Abstract
Gelidium (G.) amansii is a red alga widely distributed in the shallow waters around East Asian countries. We investigated the effect of G. amansii on lipid accumulation and ROS (Reactive Oxygen Species) production in 3T3-L1 cells. G. amansii extracts dose-dependently inhibited lipid formation and ROS generation in cultured cells. Our results showed that anti-adipogenic effect of G. amansii was due to the reduction in mRNA expressions of PPARγ peroxisome proliferator-activated receptor-γ and aP2 (adipocyte protein 2). G. amansii extracts significantly decreased mRNA levels of a ROS-generator, NOX4 (nicotinamide adenine dinucleotide phosphate hydrogen oxidase 4), and increased the protein levels of antioxidant enzymes including SOD1/2 (superoxide dis-mutases), Gpx (glutathione peroxidase), and GR (glutathione reductase), which can lead to the reduction of ROS in the cell. In addition, the G. amansii extract enhanced mRNA levels of adiponectin, one of the adipokines secreted from adipocytes, and GLUT4, glucose uptake protein. Taken together, our study shows that G. amansii extract inhibited lipid accumulation and ROS production by controlling adipogenic signals and ROS regulating genes.
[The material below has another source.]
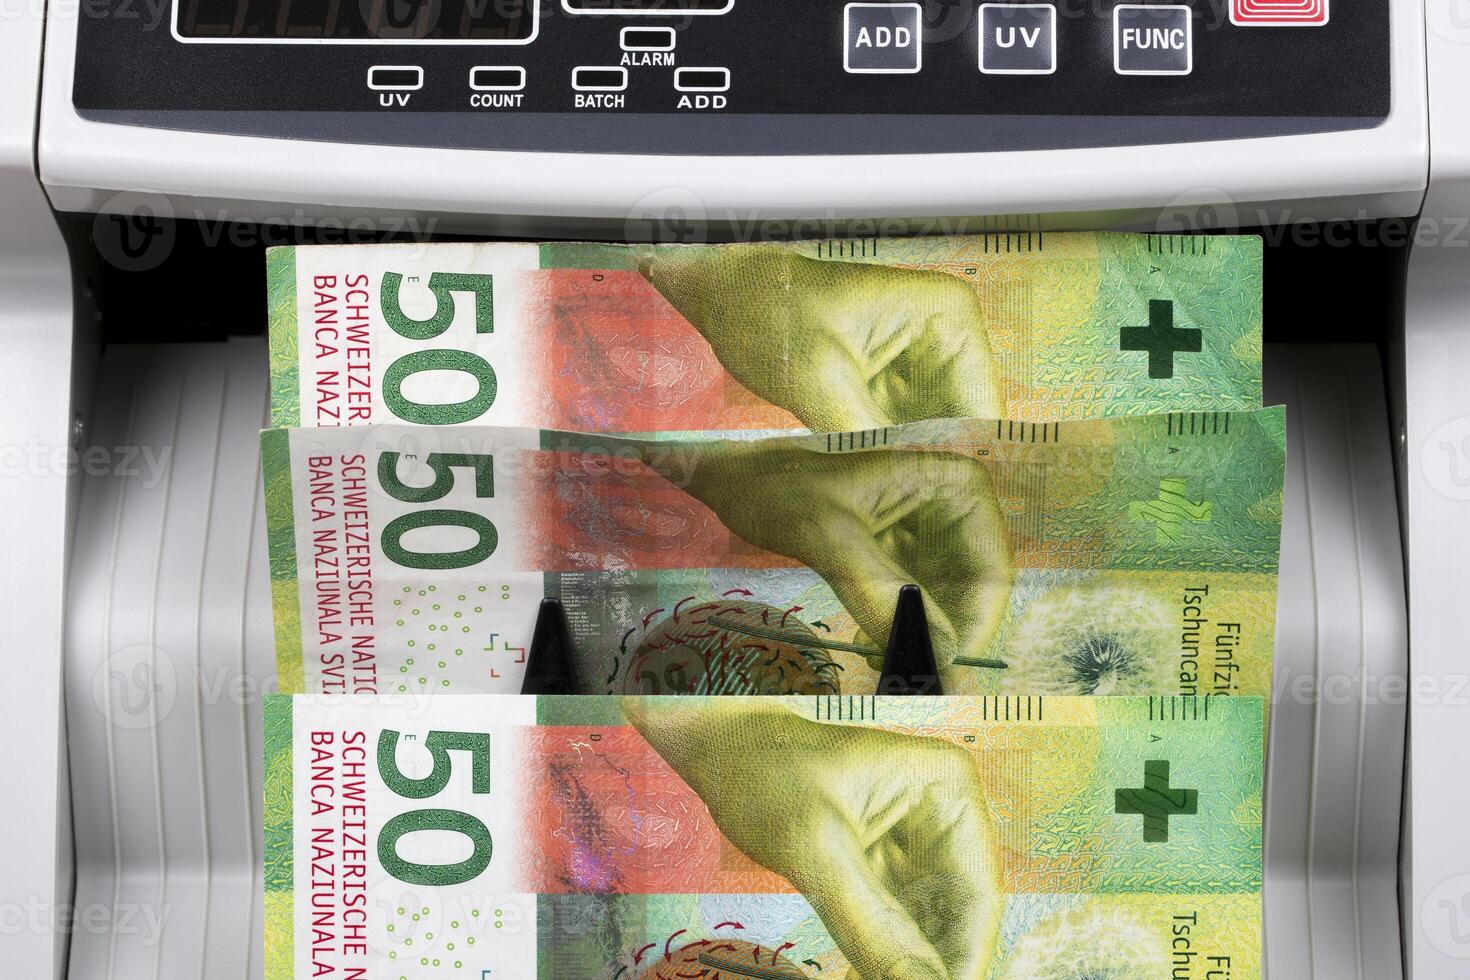 Suisse argent dans une compte machine photo

Keywords: Gelidium amansii, 3T3-L1 cells, lipid accumulation, ROS production, adiponectin
INTRODUCTION
Obesity results from malfunctions of the metabolic system responsible for energy homeostasis in the body. Long-term imbalance of energy leads to obesity, as well as secondary complications like diabetes and cardiovascular diseases (1). Adipocyte differentiation is a key process in the development of obesity, as well as in normal development and function of adipose tissue. Adipose tissue has an important role not only in energy storage, but also in endocrine metabolism (2). During adipogenesis, the cells generate a variety of biologically active molecules, including reactive oxygen species and fatty acids (3). Recent studies have shown that ROS status is closely related to the pathogenesis and development of metabolic diseases such as obesity and diabetes (4,5). ROS generation is generally performed by NOX4 (NADPH (nicotinamide adenine dinucleotide phosphate hydrogen oxidase 4) during metabolism in cytoplasm (6). On the other hand, ROS scavenging enzymes such as SOD (superoxide dismutase), GPx (glutathione peroxidase), and GR (glutathione reductase) modulate excessive ROS level in the cell.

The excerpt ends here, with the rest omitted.